- _Data below_
# # # # #

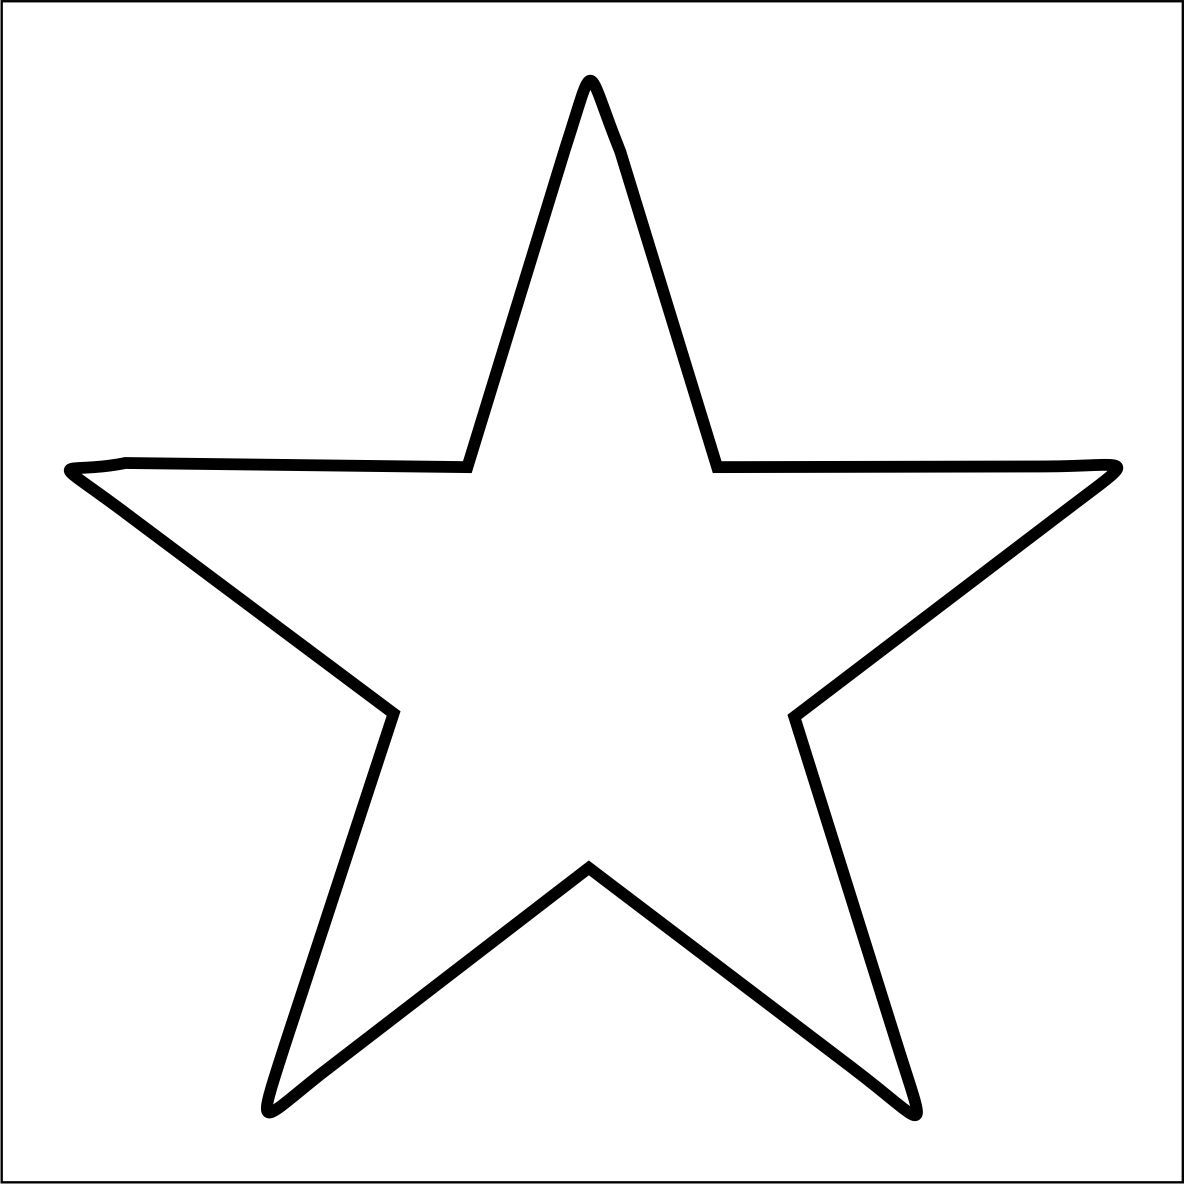 Dibujo estrellas para colorear - Dibujos para colorear - IMAGIXS ...
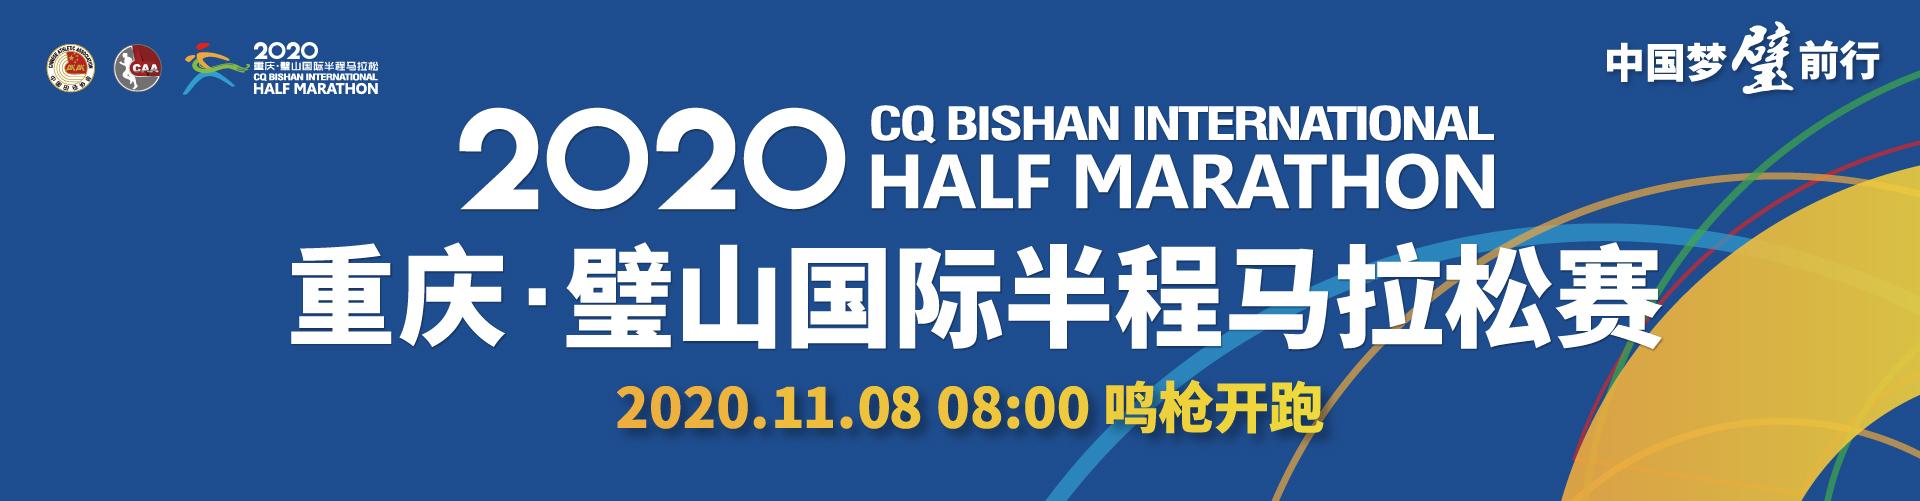 2020重庆璧山国际半程马拉松
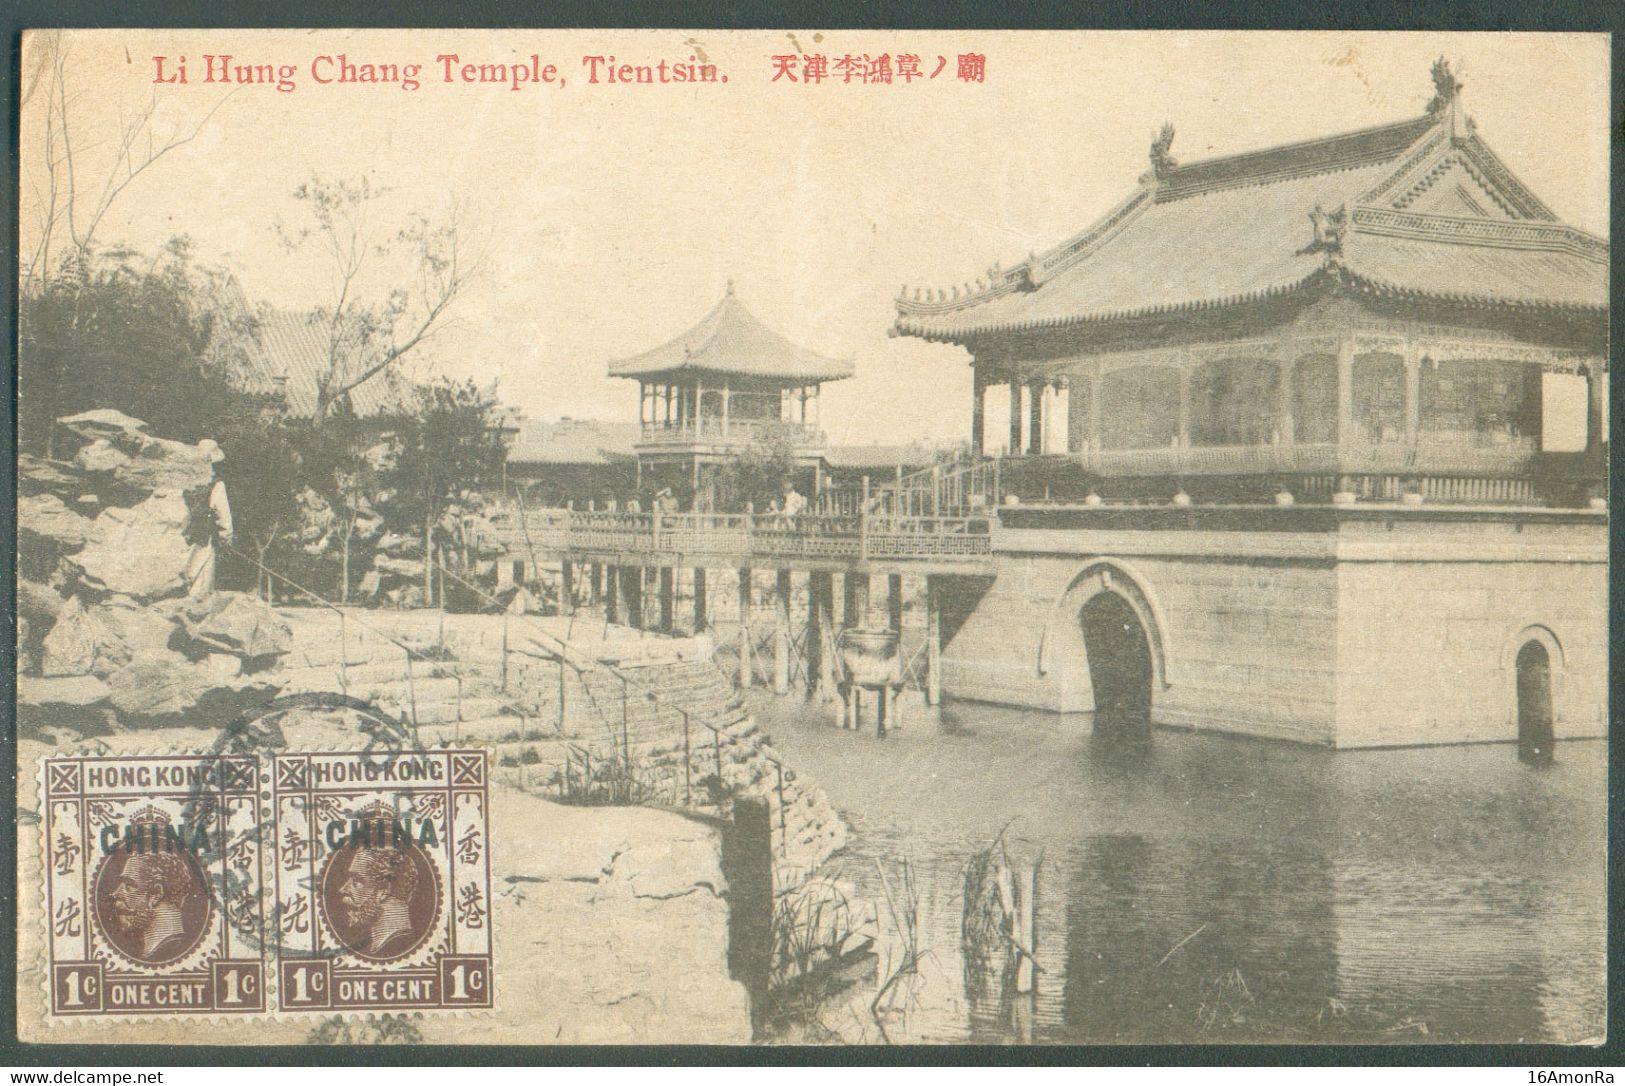 1c. HONG KONG Overprint CHINA (pair) Cancelled TIENTSIN BR.P.O. Aug. 15 1921 On PPC (Li HUNG CHANG TEMPLE TIENTSIN Chine - Briefe U. Dokumente

# # # # #

- _Exercise_
Return the listing above word for word, with the pictures removed.

- _Answer box_
 Dibujo estrellas para colorear - Dibujos para colorear - IMAGIXS ...
 2020重庆璧山国际半程马拉松
 1c. HONG KONG Overprint CHINA (pair) Cancelled TIENTSIN BR.P.O. Aug. 15 1921 On PPC (Li HUNG CHANG TEMPLE TIENTSIN Chine - Briefe U. Dokumente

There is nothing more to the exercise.